Bands, Bypasses, and Balloons: Weight Loss Surgery Explained
Healthy diet and lifestyle should always be your first weapon against obesity. But extreme obesity can get so dangerous as to require a surgery. Read our guide to find out how effective it is.
The risks of being overweight
Being obese doesn’t just make it difficult to run or play with your kids. Once the body mass index (BMI, calculated as your weight in kg divided by the square of your height in meters) gets above 30, a person’s risk of dying from heart disease or stroke grow rapidly. Obesity is often accompanied by Type 2 diabetes, inflammation, high cholesterol, and sleep apnea (more on obesity health risks). This means that many extremely heavy people absolutely need to lose weight, but diets simply don’t work for them anymore, and they cannot engage in sports. In such cases, bariatric (weight loss) surgery is prescribed.
Types of weight loss surgery
You can often hear people talk of gastric bands (or lap bands), though in fact it is not the most popular type of surgery anymore. Here is some basic info (more on the topic here ):
- Band – a band is placed around the stomach and divides it in two unequal parts. Once food fills the top part – a small pouch – the person stops feeling hungry. The band can be inflated or deflated, allowing to regulate the size of the pouch (and thus, the size of an average meal). Patients end up eating much less. The procedure is fully reversible.
- Bypass – currently the most popular procedure. A small pouch (circa 30 cubic cm) at the top of the stomach is separated from the rest and connected directly to the intestine. The patient eats less, and much less of the hunger hormone – ghrelin – is produced.
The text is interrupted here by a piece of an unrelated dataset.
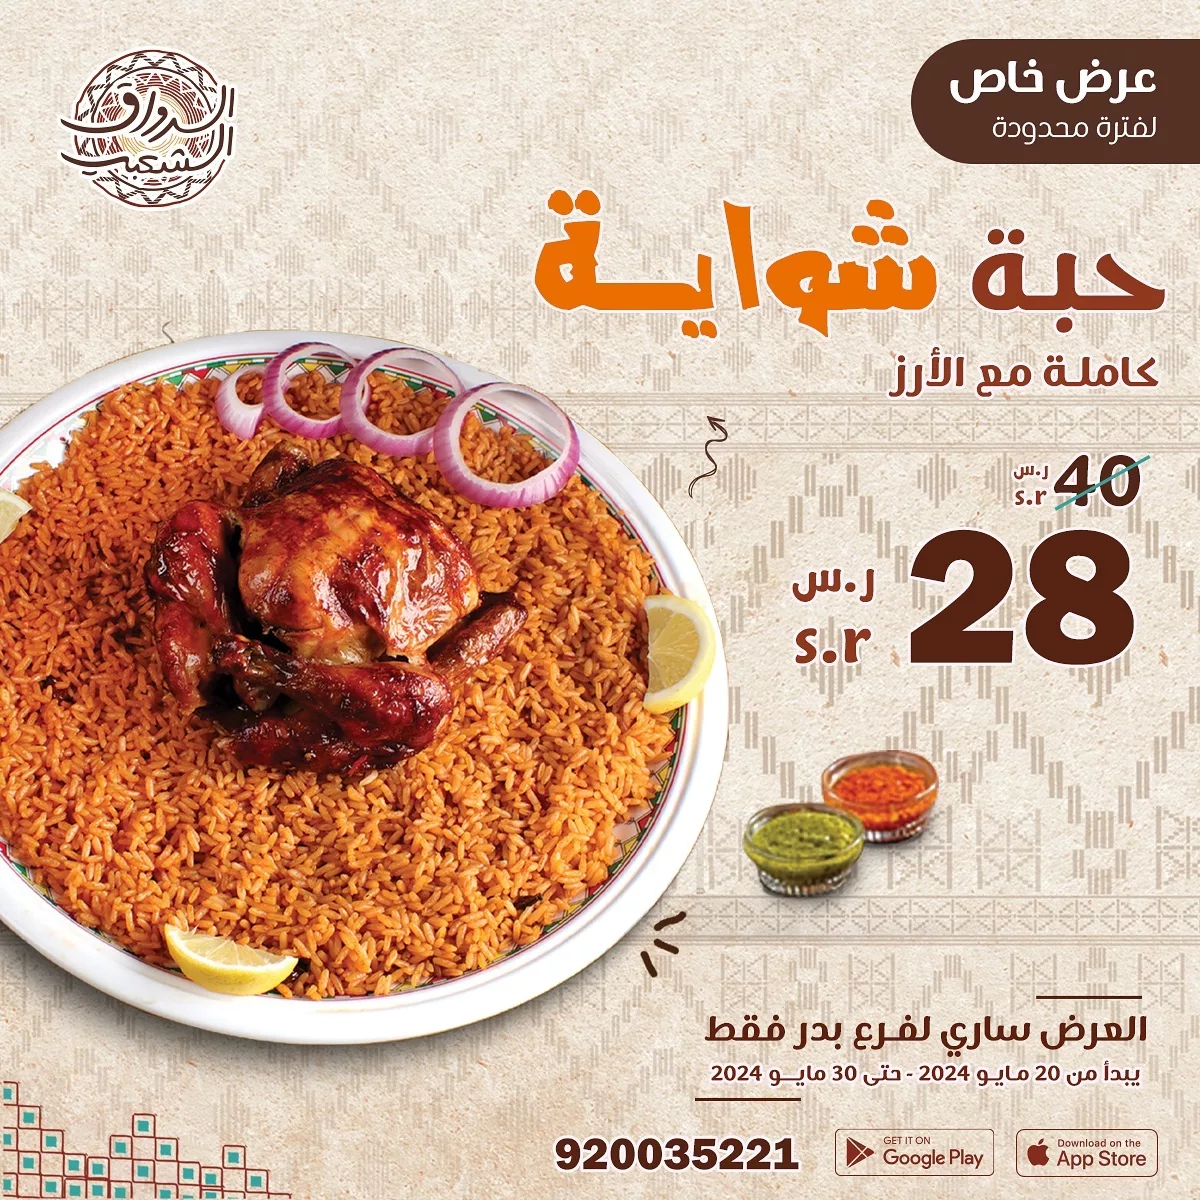 444746191 743801817830252 1307868060361252343 n jpg - عروض مطاعم السعودية اليوم صفحة واحدة | اشهي الأكلات بأرخص الاسعار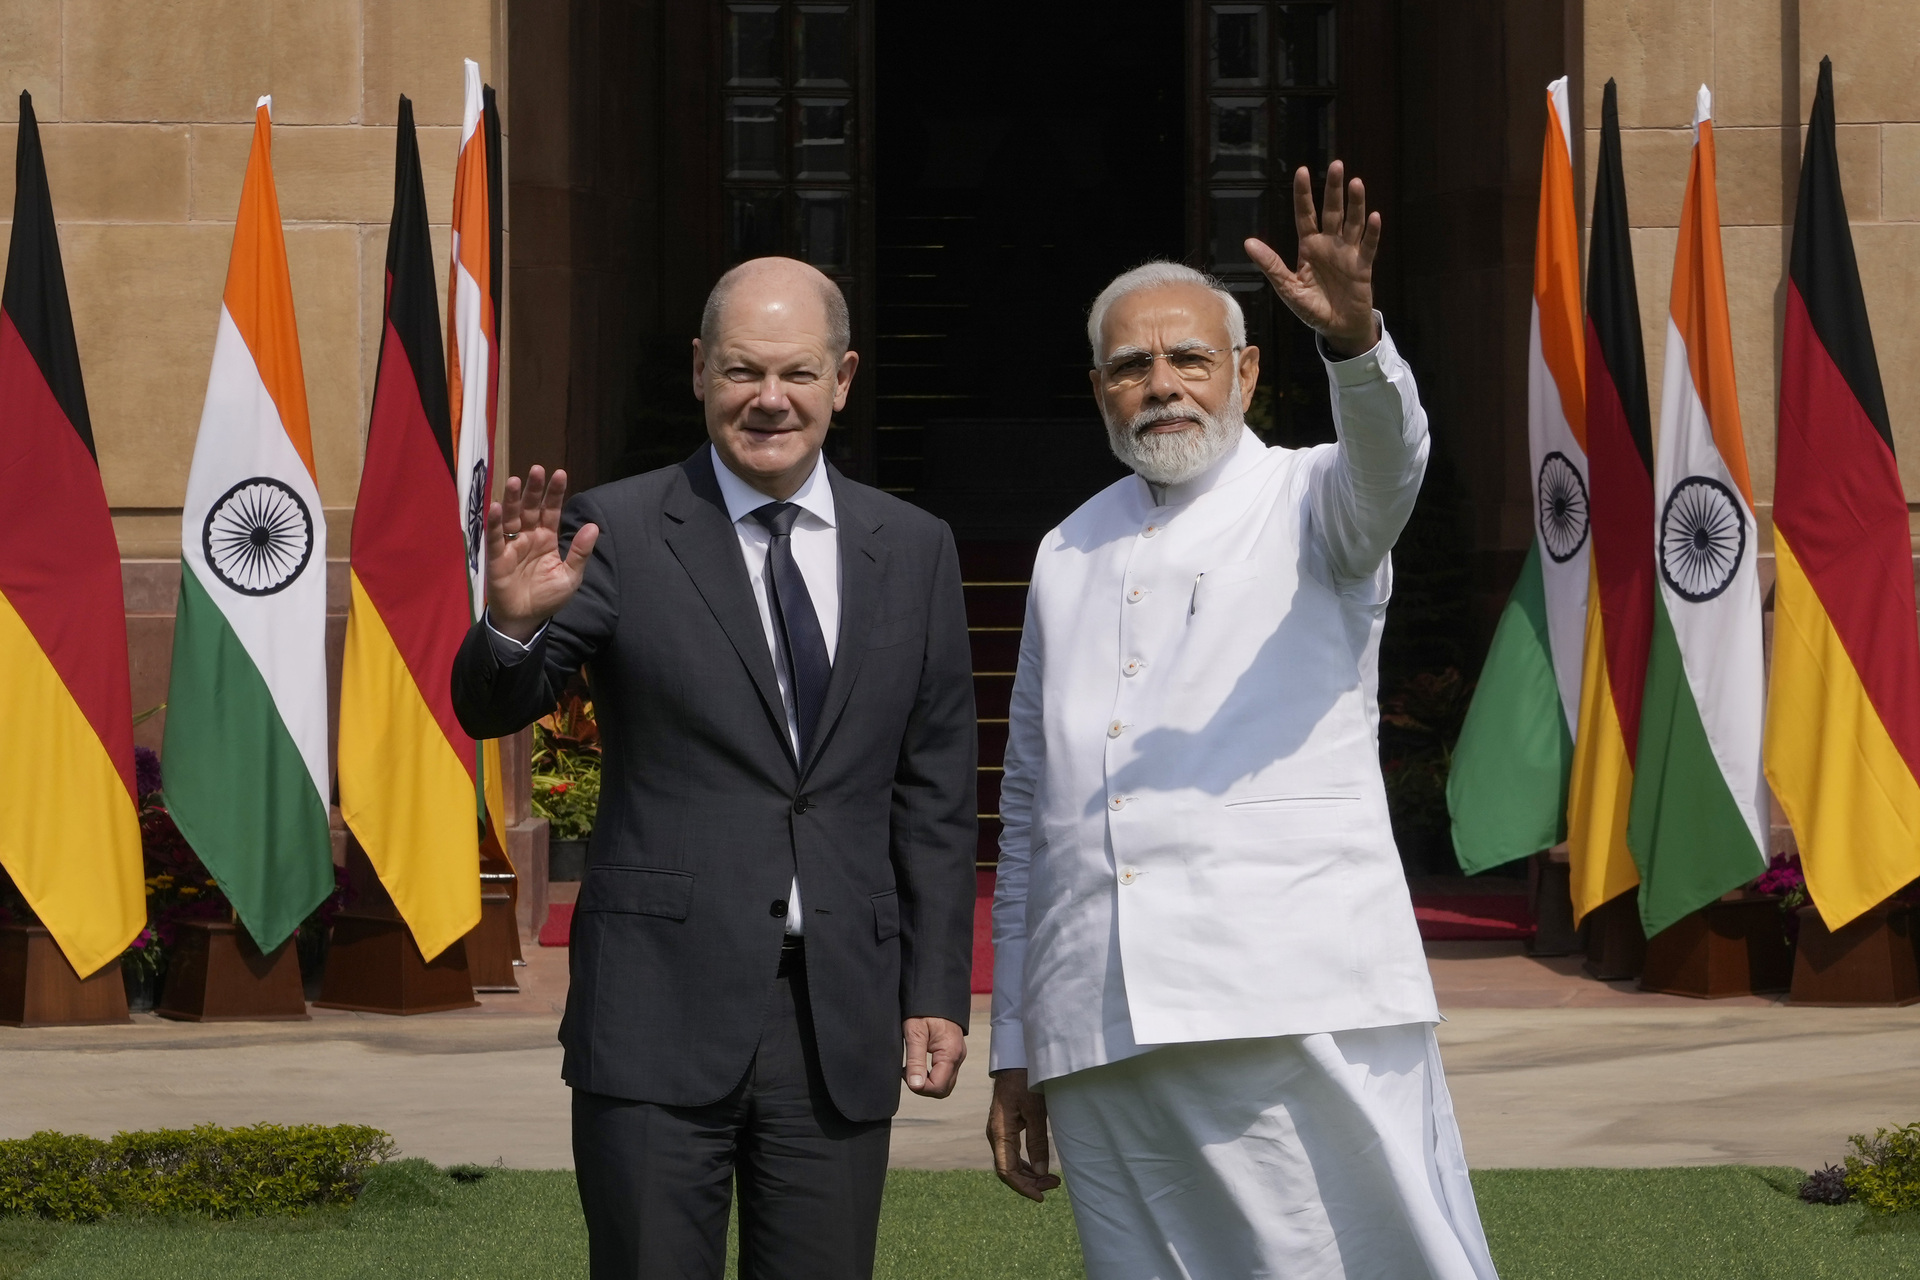 El líder alemán, que arribó a la capital india el sábado, también conversó con Modi sobre formas de impulsar la cooperación económica bilateral. (AP)

- Sleeve gastrectomy – most of the stomach is removed, and the remaining part resembles a sleeve.
- Balloon – not a surgery per se, but an effective alternative for some people. A deflated balloon is placed in the stomach and filled with 0.5 l of water through a tube, and occupies most of the space in the stomach. After 4 months, the balloon bursts and is safely exreted.
Which is better?
Gastric bands used to be the main option and are still popular due to lower price, but now over 40% of all bariatric surgeries are bypasses. The figures say it all: on average people receiving a bypass lose over 30% of their weight, while those getting a band lose only 16%. Weight loss is not the only benefit, however. Type 2 diabetes goes into remission in a large proportion of cases, though scientists are still not sure why (the chances are different, though: 30% of patients with a lap band experience a remission, and over 70% of those with a bypass). Cholesterol levels improve dramatically, too, as does the general feeling of well-being (read more on the effects). To some people, the surgery provides life-long improvements, while for others the effects last only a few years.
It’s not for everyone
The key thing to understand is that a band or a bypass are still a surgery and can result in complications. Repeat surgeries are quite common, and quite a few patients eventually ask for their band to be removed.
Just as importantly, bariatric surgery is not an alternative to healthy lifestyle. It is a radical solution fit for people whose life is in danger due to extreme obesity. Those who do receive a surgery have to alter their diet radically, switching to whole grains, vegetables, fruit, and healthy oils, and exercise actively.
If you’d like to shed some weight, therefore, don’t run to a surgeon for a miracle cure – there isn’t one. Even with a band, you will have to eat well and engage in sports – so why not start right now?